⟨

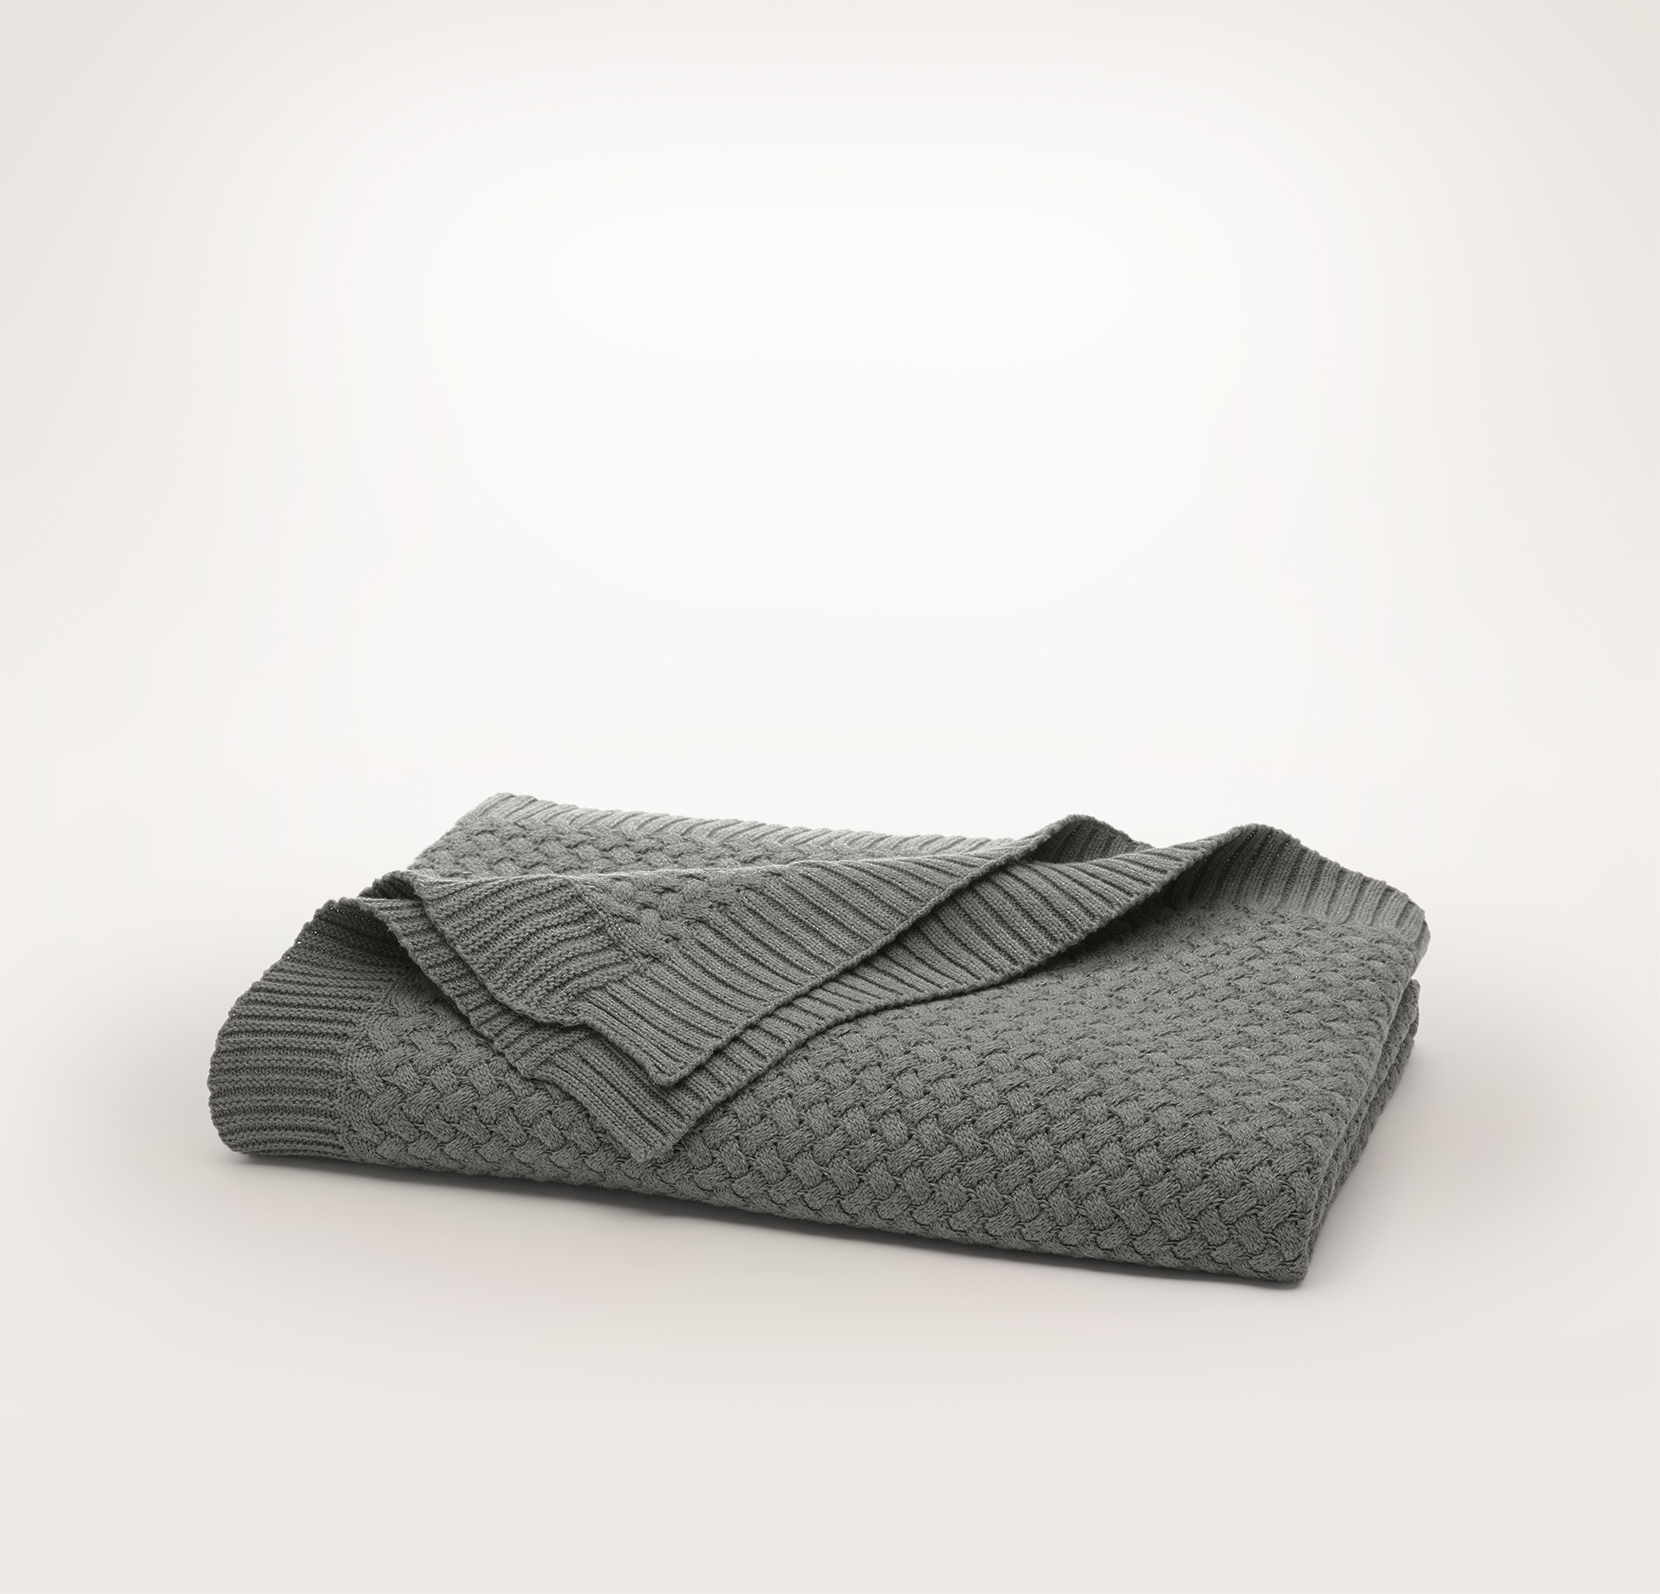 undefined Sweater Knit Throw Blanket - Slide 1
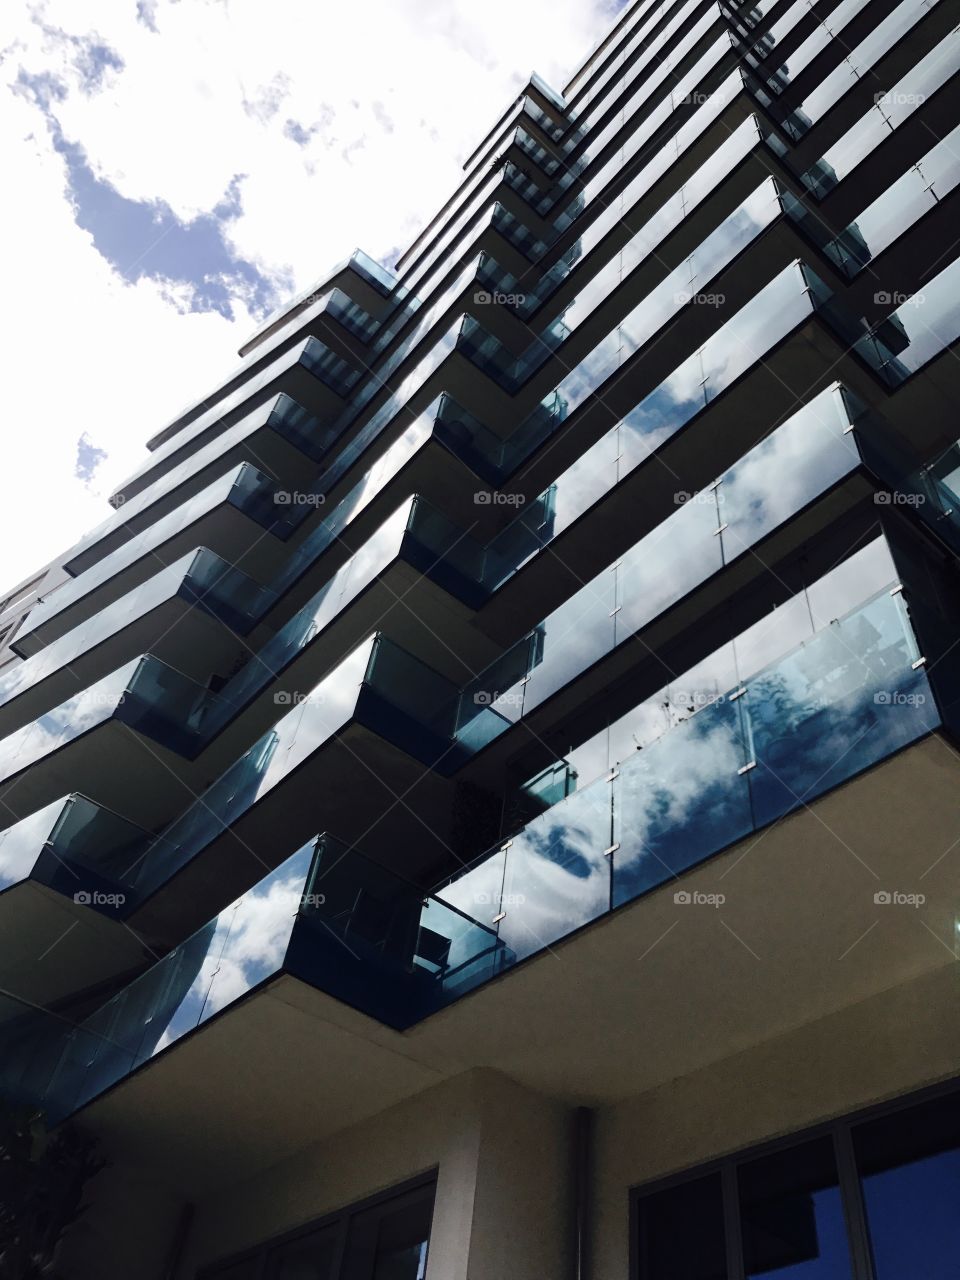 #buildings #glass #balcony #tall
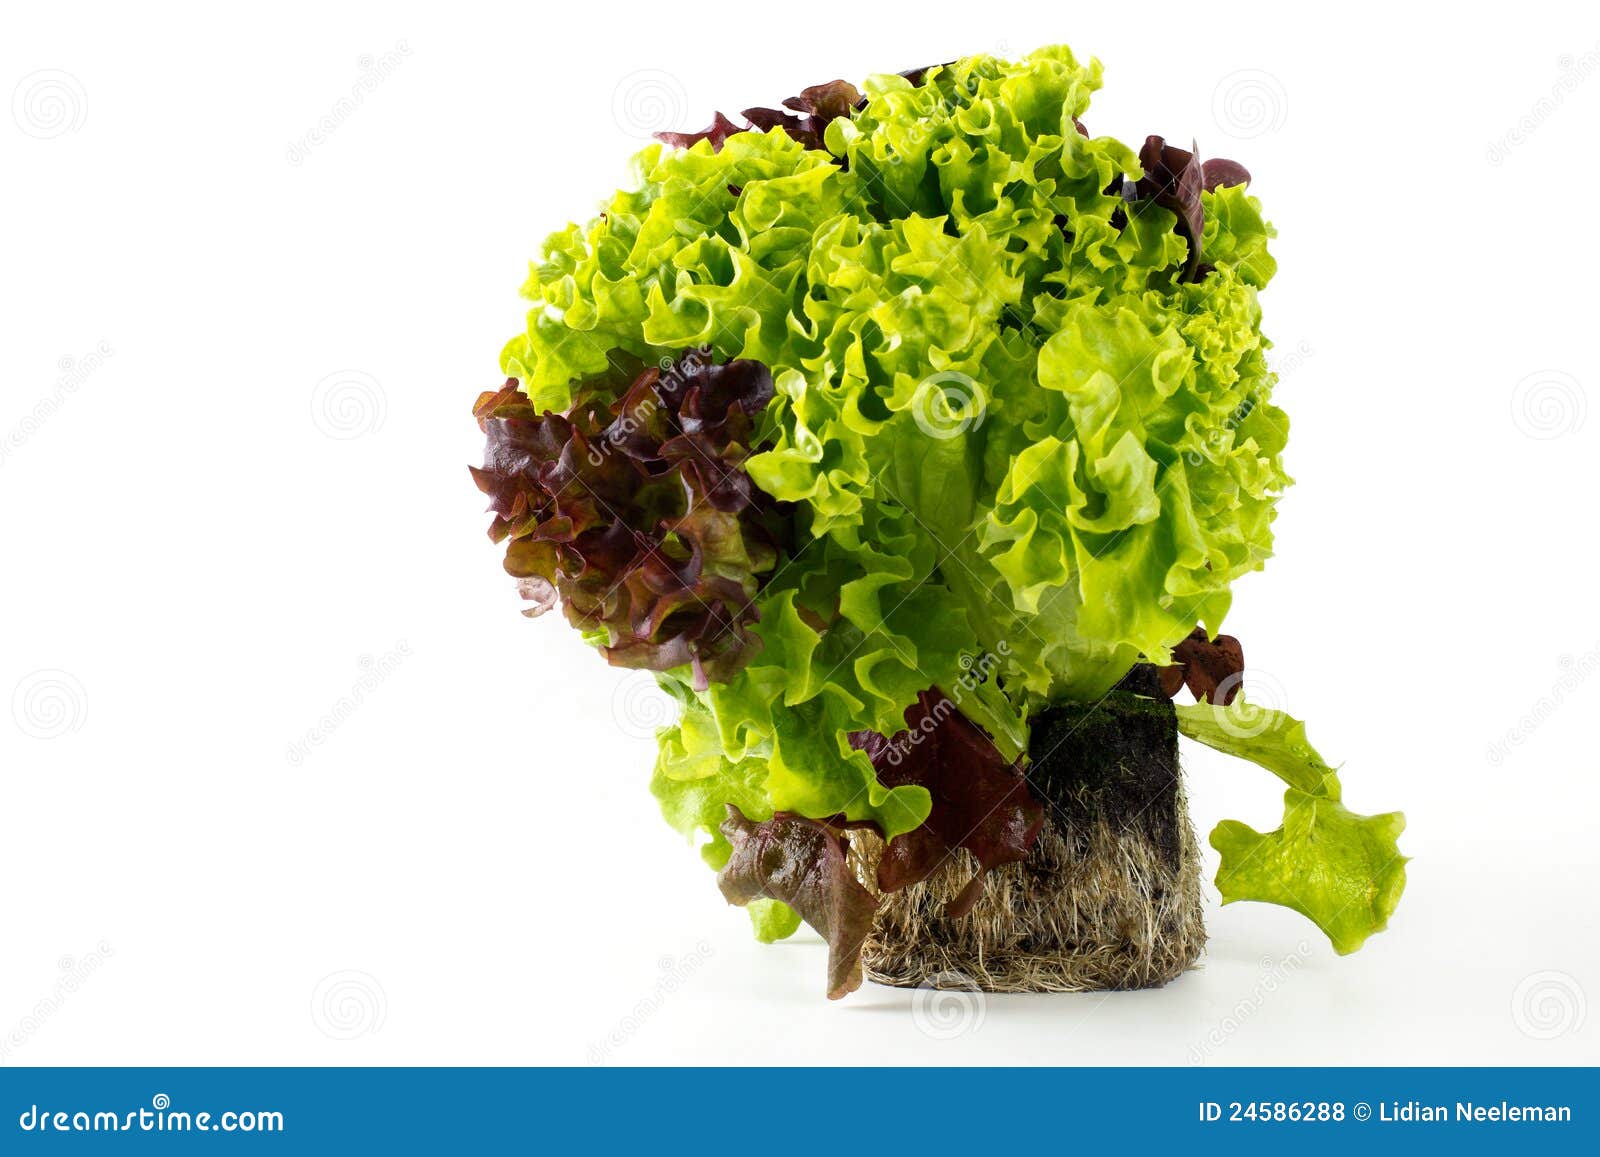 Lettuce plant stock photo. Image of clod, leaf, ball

⟩

■ **About this exercise**: Using the data above, write out every line exactly, leaving the images behind.

■ **Written reply**:
 undefined Sweater Knit Throw Blanket - Slide 1
 #buildings #glass #balcony #tall
 Lettuce plant stock photo. Image of clod, leaf, ball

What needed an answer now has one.